Michael Faraday
by R. Lee Ubicwedas

He read the books he bound, young Michael Faraday the drab,
obtaining an assistantship in Humphrey Davy’s lab,
experimenting with the flows of electricity,
discovering suspended magnets moved circularly,
inventing thus the dynamo in 1821,
producing an electric current through induction’s run,
devising laws in chemistry, with other fruitful yields,
describing forces of electric and magnetic fields,
suggesting that all of reality was limned and lined.
By thinking through the facts, he formed a poem in the mind.


R. Lee Ubicwedas is a universalist poet.

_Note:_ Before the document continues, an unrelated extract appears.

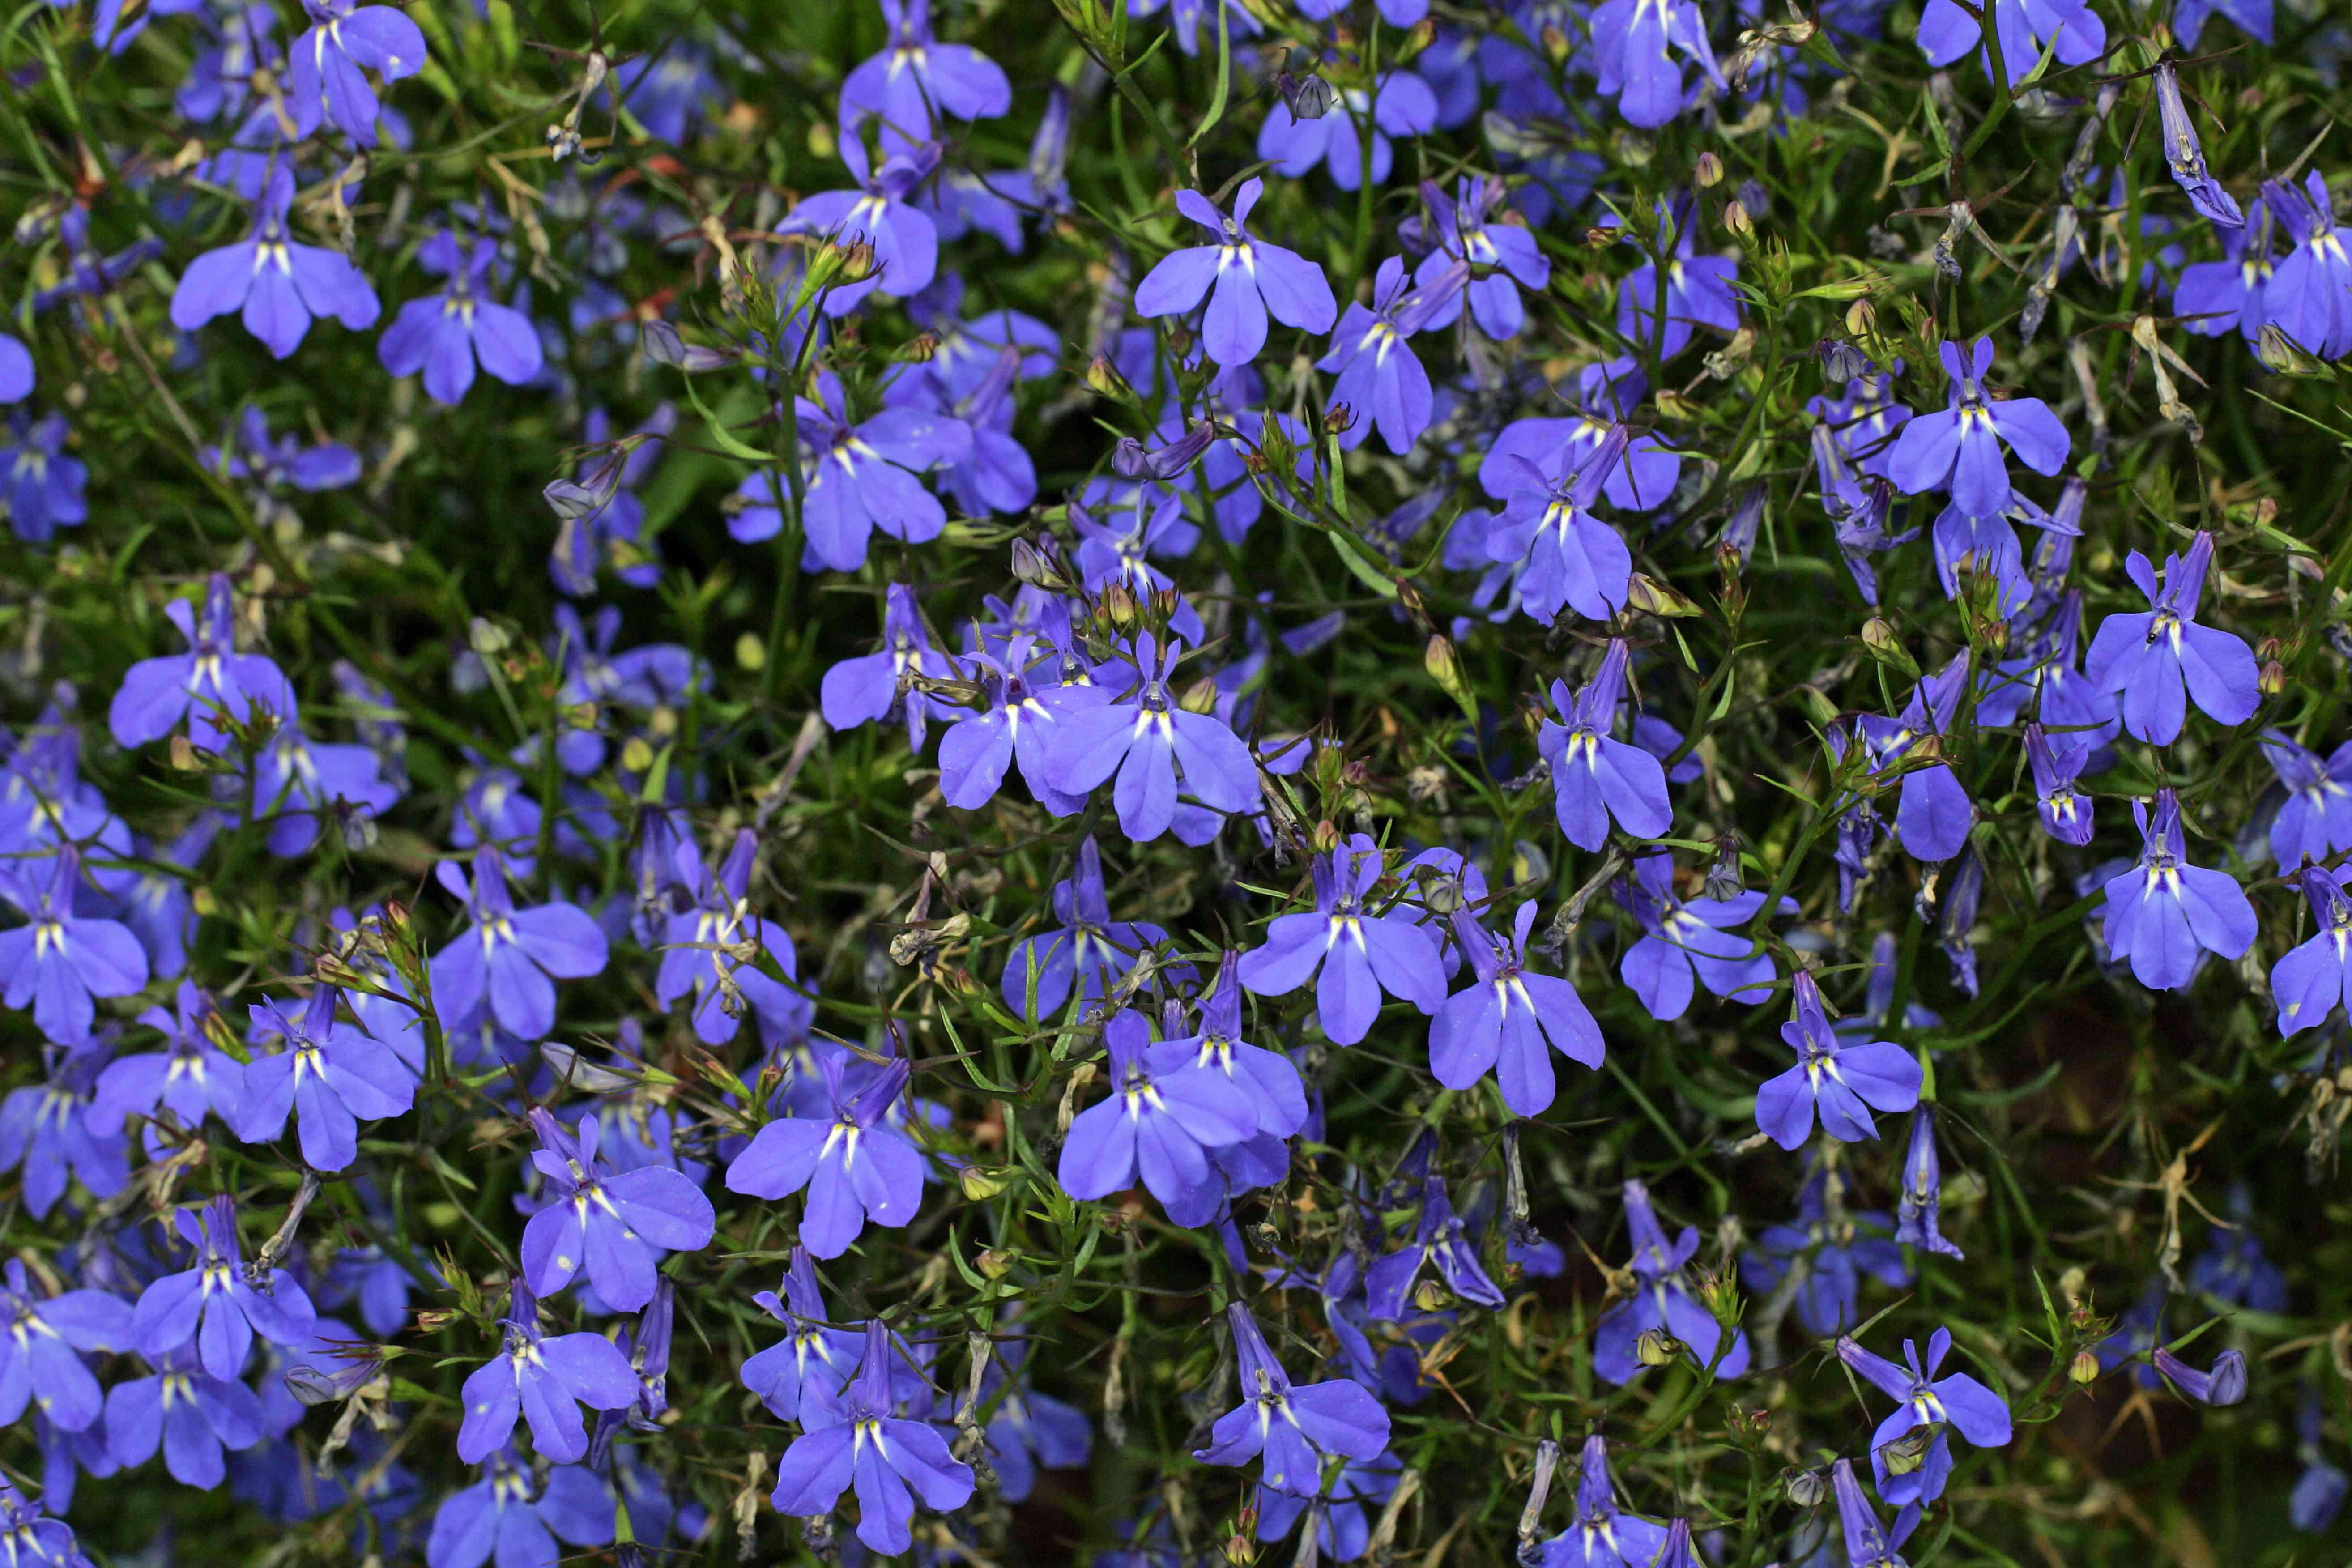 flowering hanging lobelia (Lobelia erinus cultivar Richardii) (Lobelia Richardii)

His interests span the universe, a cue he takes from Eratosthenes.


Reflection For Inflectionists

in memory of Marianne Moore and Archibald MacLeish
by Ubs Reece Idwal

Like Langur monkey footprints left on Poon Hill in Nepal,
a poem’s language should be subtle, hardly there at all.
Like letter b in subtle, or the letter e there too,
a poem’s language should be hidden in an airy view.
Like the arriving of a driving, thrusting, bursting force,
a poem’s language should be awesome as it takes its course.
Like lovely rings of beige and yellow barely entered in,
a poem’s language should be pressed forth, and when centered, spin.
Like lofty lifts that softly sift through taut tautologies,
a poem’s language should be dripping with mythology.


O, India
by Sri Wele Cebuda

It is so great, while lumbering and slumbering along,
an elephant upon the land, this Bollywood in song.
It is a populated and polluted, sloppy place;
yet beautiful and gorgeous are the colours of its space.
O, India, where are you at, now as you go through time—
a drunken mixture of insanity and the sublime?
Your beauty is amazing, grand…as is your ugliness.
You are a wonder to behold, a muggy, jungling mess.
I must confess, I love your cultured hell, your tiger’s tooth
that springs at me with all the violence of blinding truth.


Sri Wele Cebuda is a lover of India, fascinated by its colour, its energy, and its capacity for change, which are at the centre of his vision of the World. He has been influenced by figures, such as Rabindranath Tagore and Srinivasa Ramanujan, and has long been a lover of its culture and its power, as can be seen in a quote of his, “In India, diamonds are everywhere.”


by Saudi Becrewel
“The ink of the scholar is holier than the blood of the martyr.”

The mother of all villages was built around
400 AD. Islamic tradition claims
that Abraham and Ishmael, within the town
Bakkah, built the big Kaaba cube back in the day,
2000 BC. Since then, Mohammed called it,
630 AD, holy. The hajj then became
one of the pillars in the worship of Allah.
Now millions pray to it from all around the world,
that which had been inhabited once by Hubal.
Each year that rock within its heart around is swirled
by millions in the Masjid al-Haram, all bound
below the modern buildings rising up unfurled.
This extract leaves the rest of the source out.